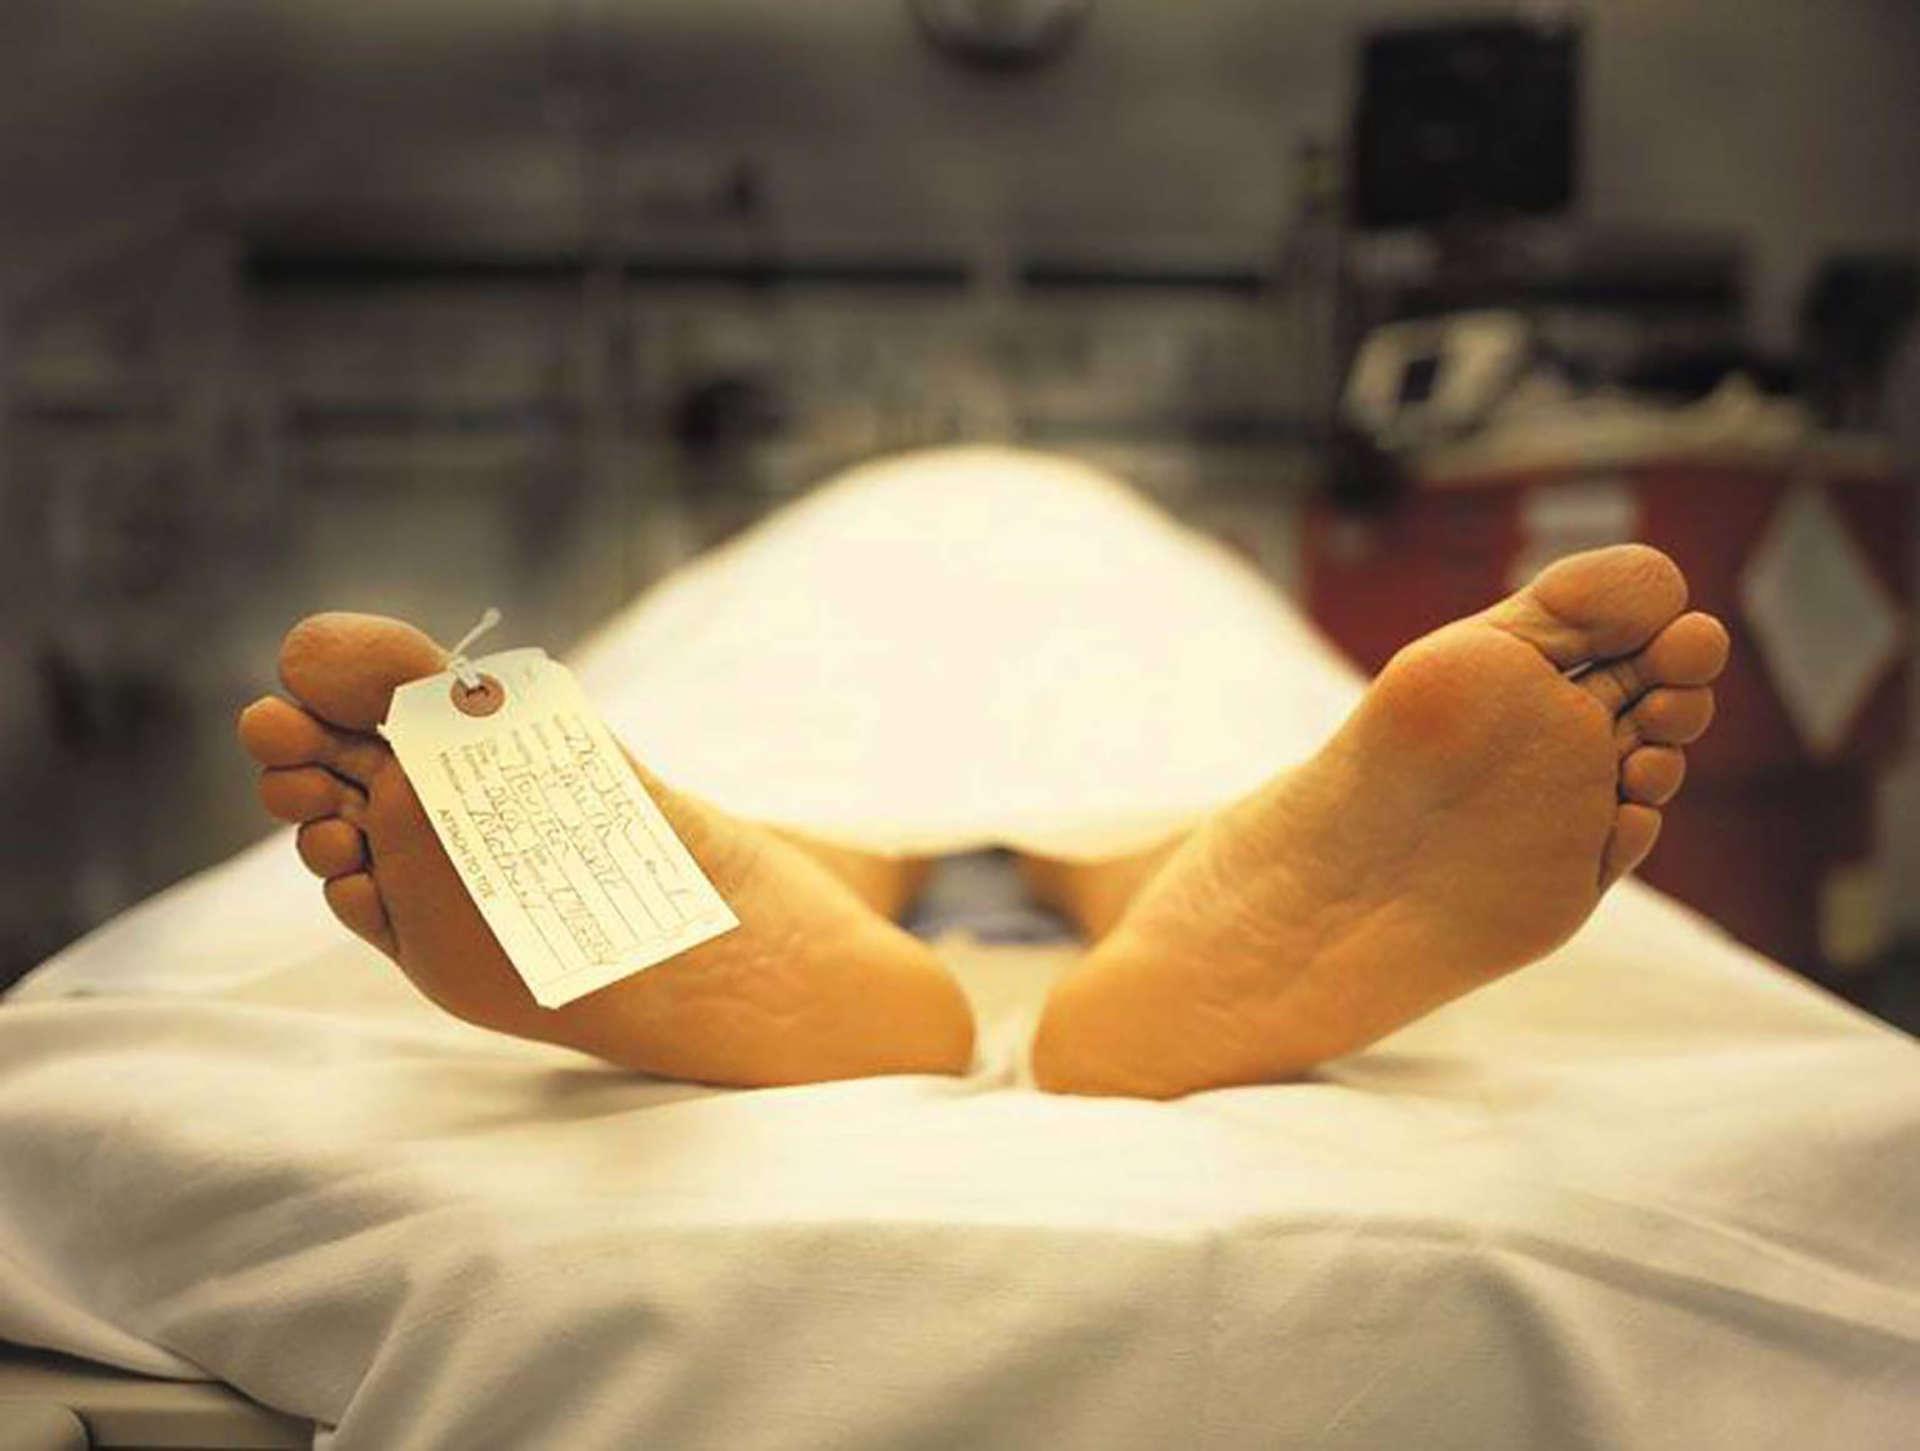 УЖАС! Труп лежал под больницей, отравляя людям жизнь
----
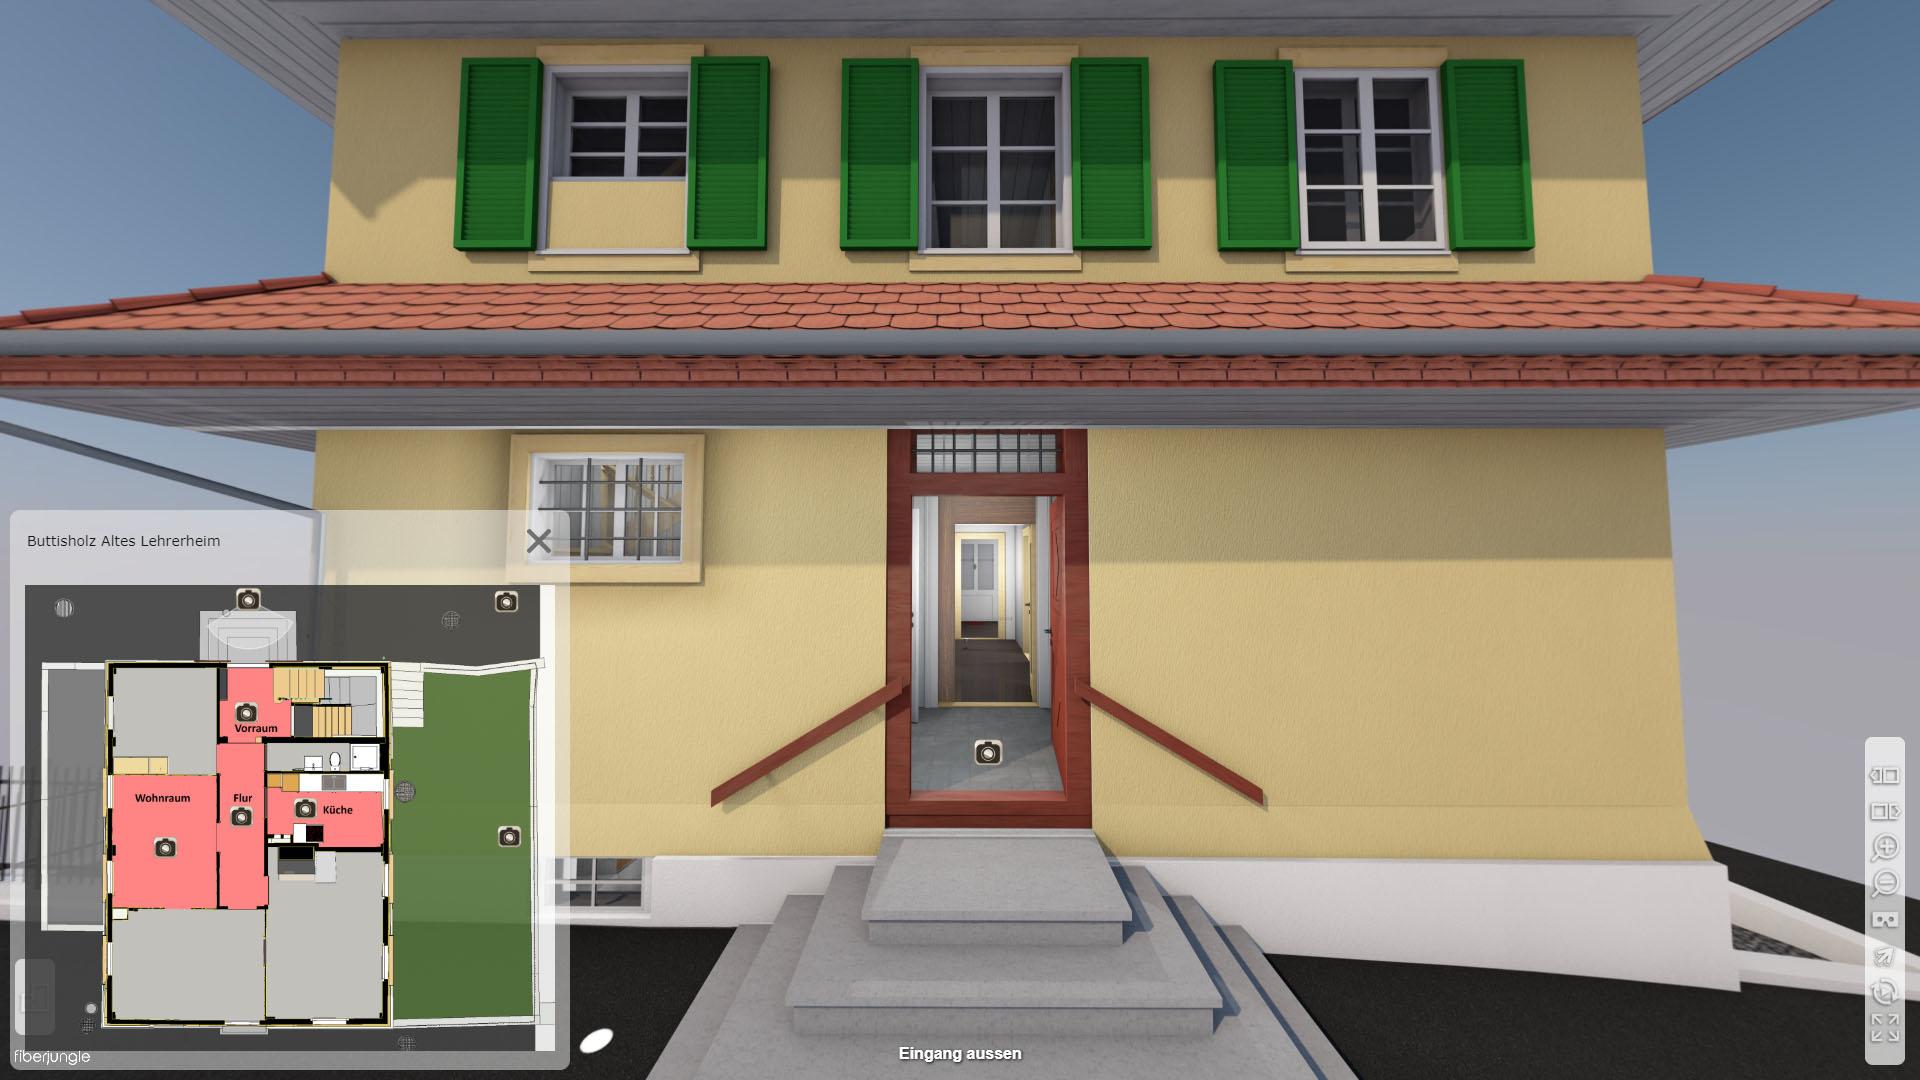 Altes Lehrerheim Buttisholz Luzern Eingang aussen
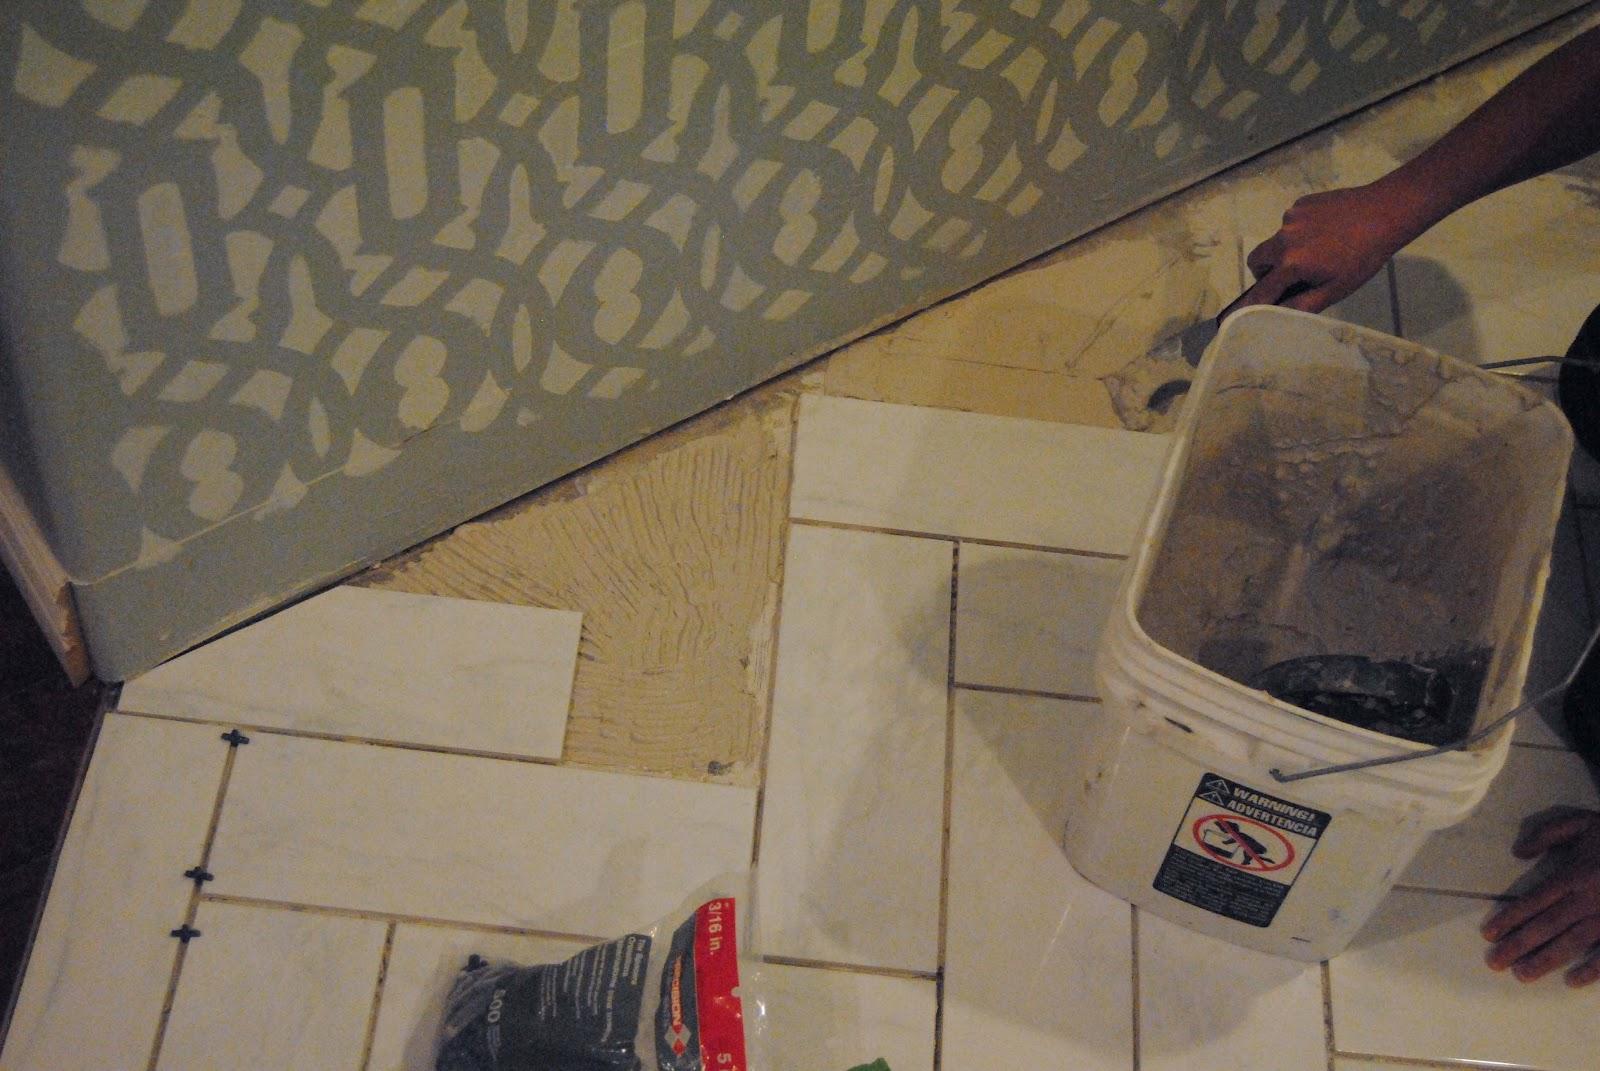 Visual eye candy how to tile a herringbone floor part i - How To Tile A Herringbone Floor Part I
----
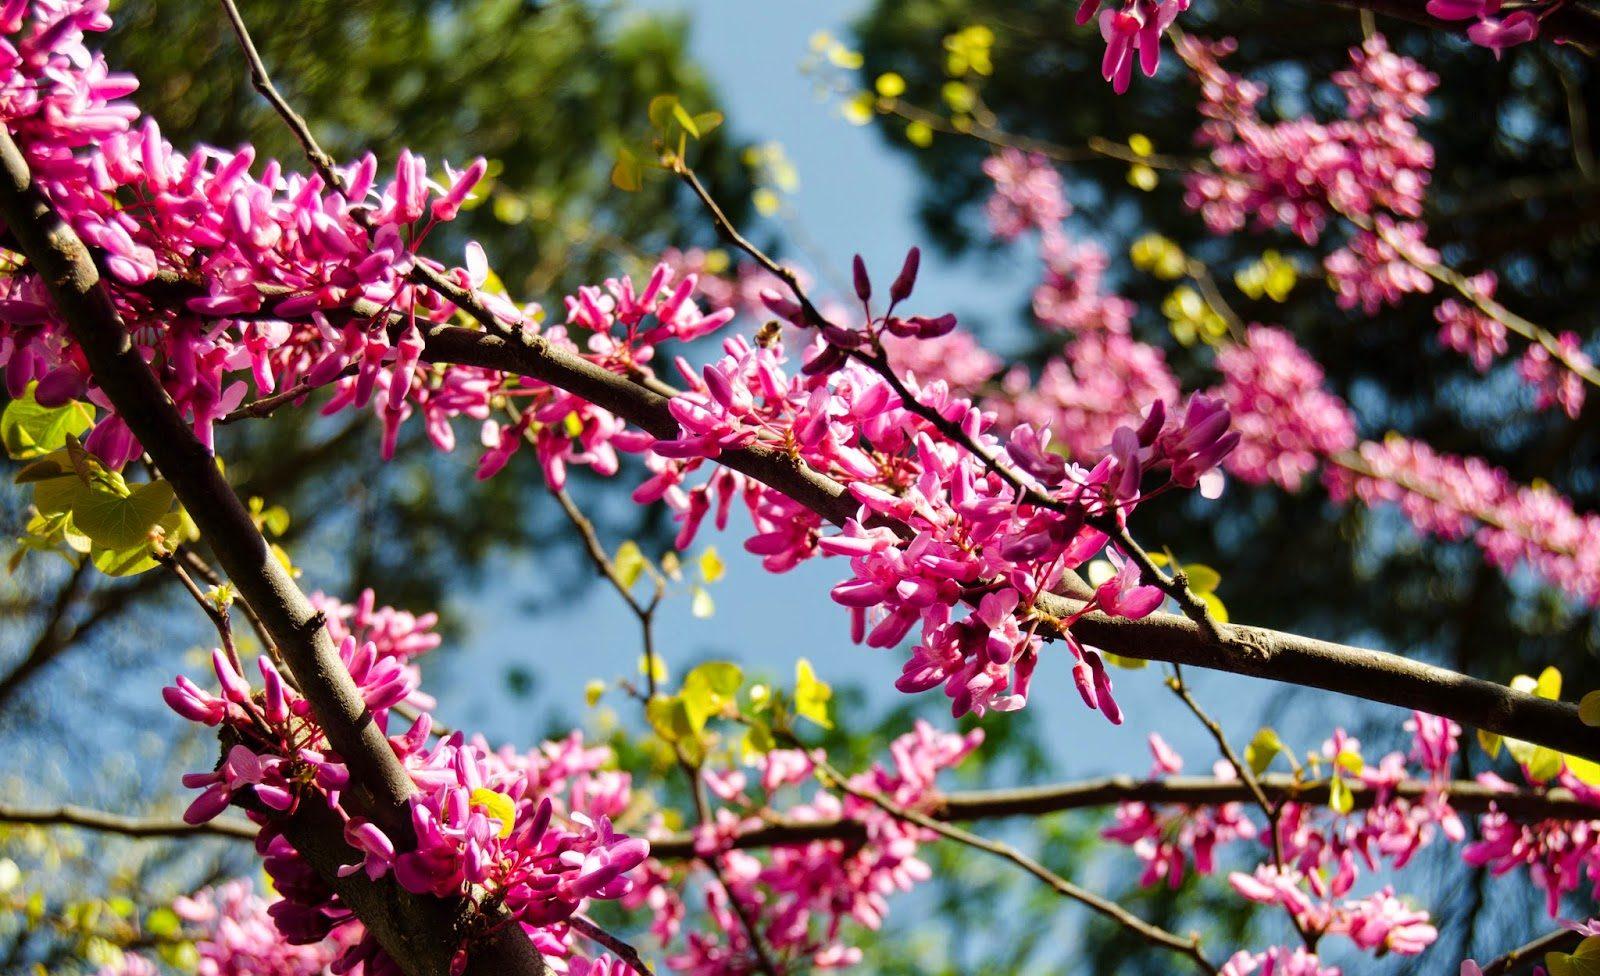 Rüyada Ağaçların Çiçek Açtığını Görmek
----
= What is required =
Within the material above, find the part that opens with the line containing "Altes Lehrerheim Buttisholz" and closes with the line containing "Visual eye candy", and reproduce it exactly without the pictures.

= Answer for the task =
 Altes Lehrerheim Buttisholz Luzern Eingang aussen
 Visual eye candy how to tile a herringbone floor part i - How To Tile A Herringbone Floor Part I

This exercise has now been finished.